━━━ Information provided
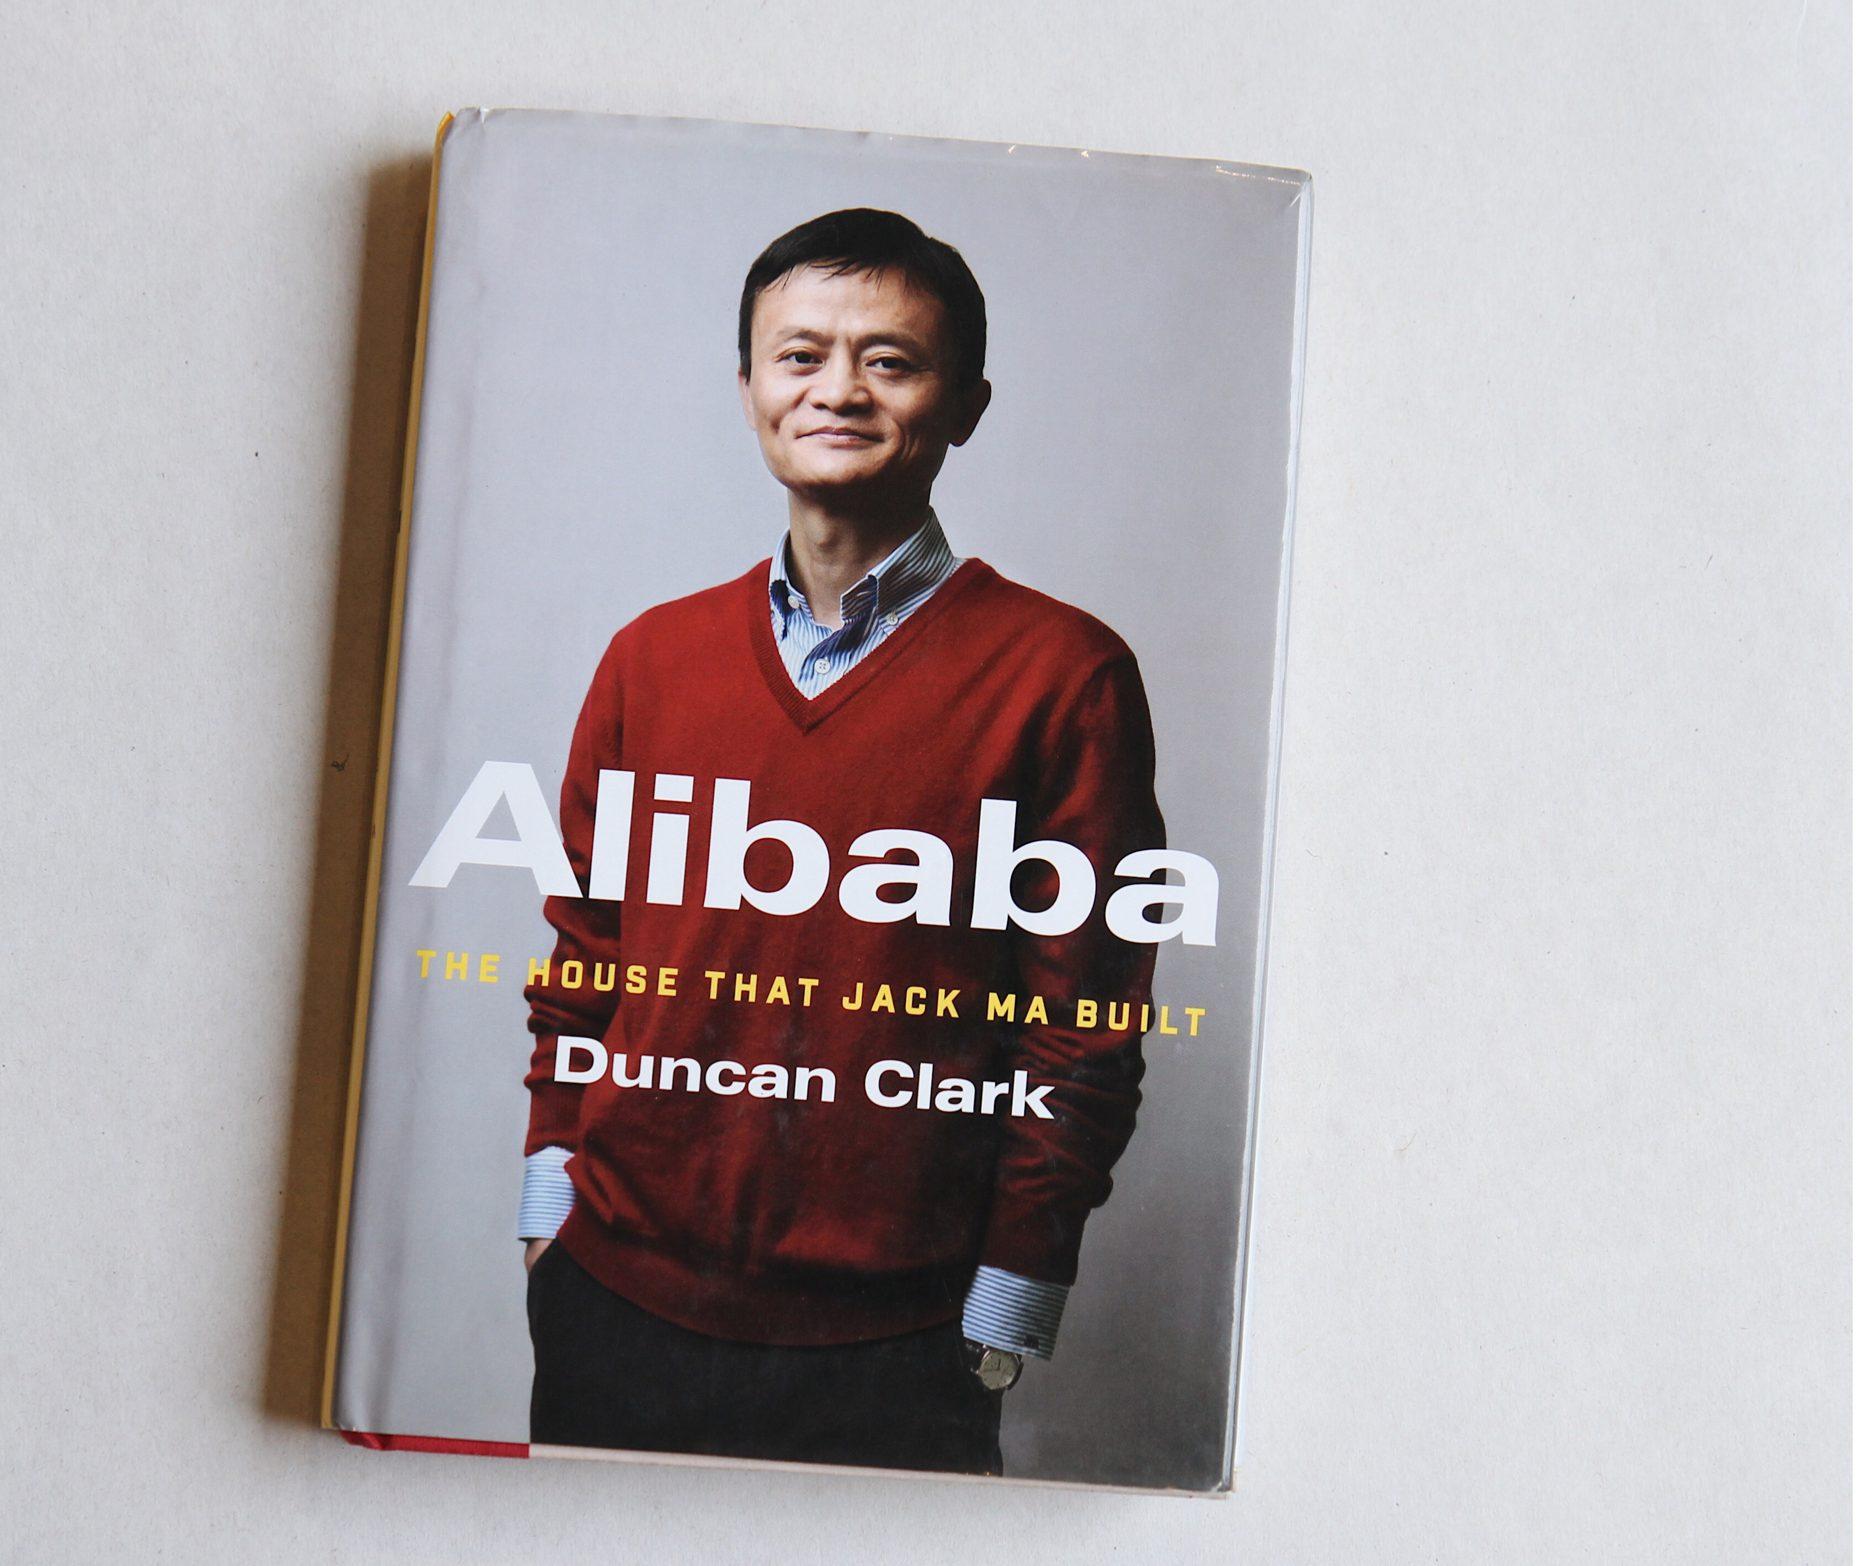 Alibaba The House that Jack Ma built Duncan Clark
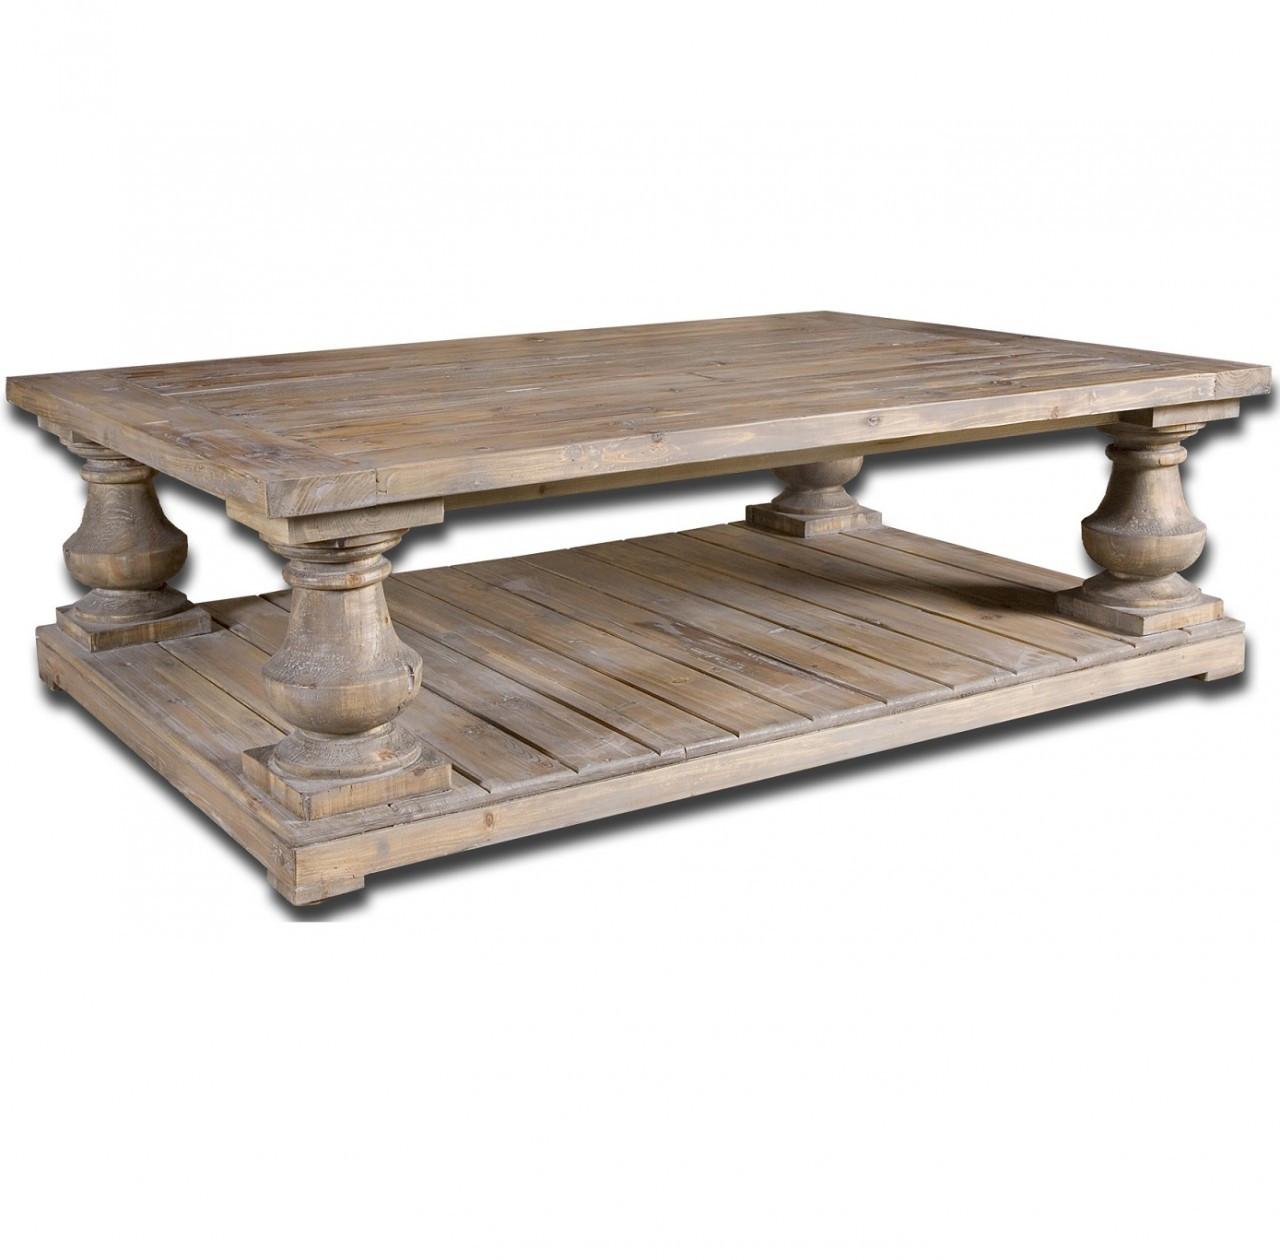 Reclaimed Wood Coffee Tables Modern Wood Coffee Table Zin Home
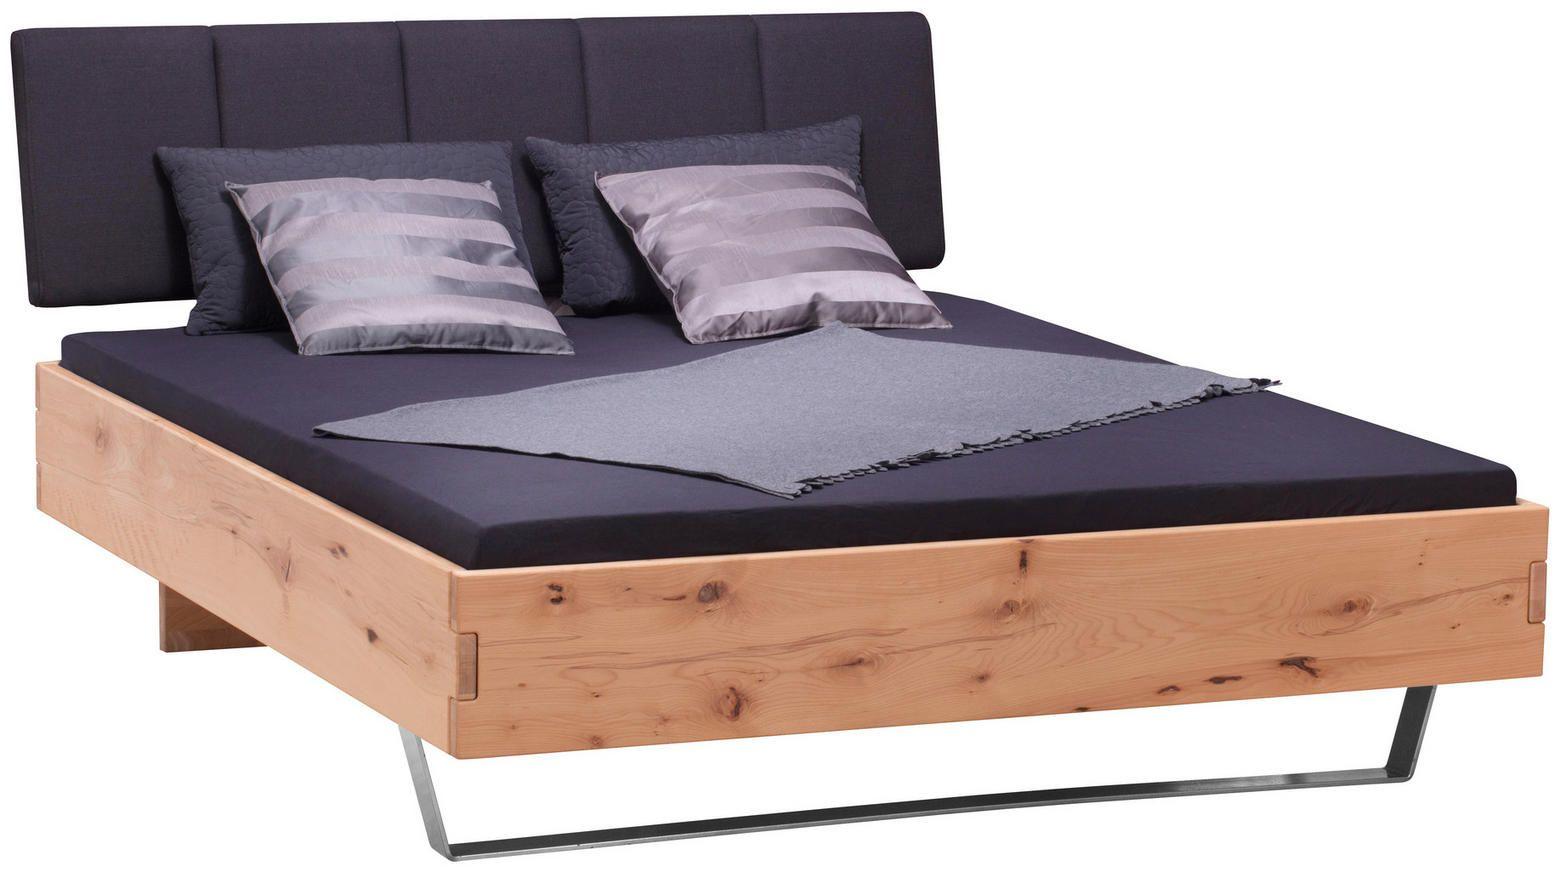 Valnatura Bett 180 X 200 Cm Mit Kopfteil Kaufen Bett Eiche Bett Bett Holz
━━━━━━
= Task =
The copy should hold exactly the lines from the line containing "Reclaimed Wood Coffee" through the end of the data, both ends included, and no pictures.

= Task answer =
 Reclaimed Wood Coffee Tables Modern Wood Coffee Table Zin Home
 Valnatura Bett 180 X 200 Cm Mit Kopfteil Kaufen Bett Eiche Bett Bett Holz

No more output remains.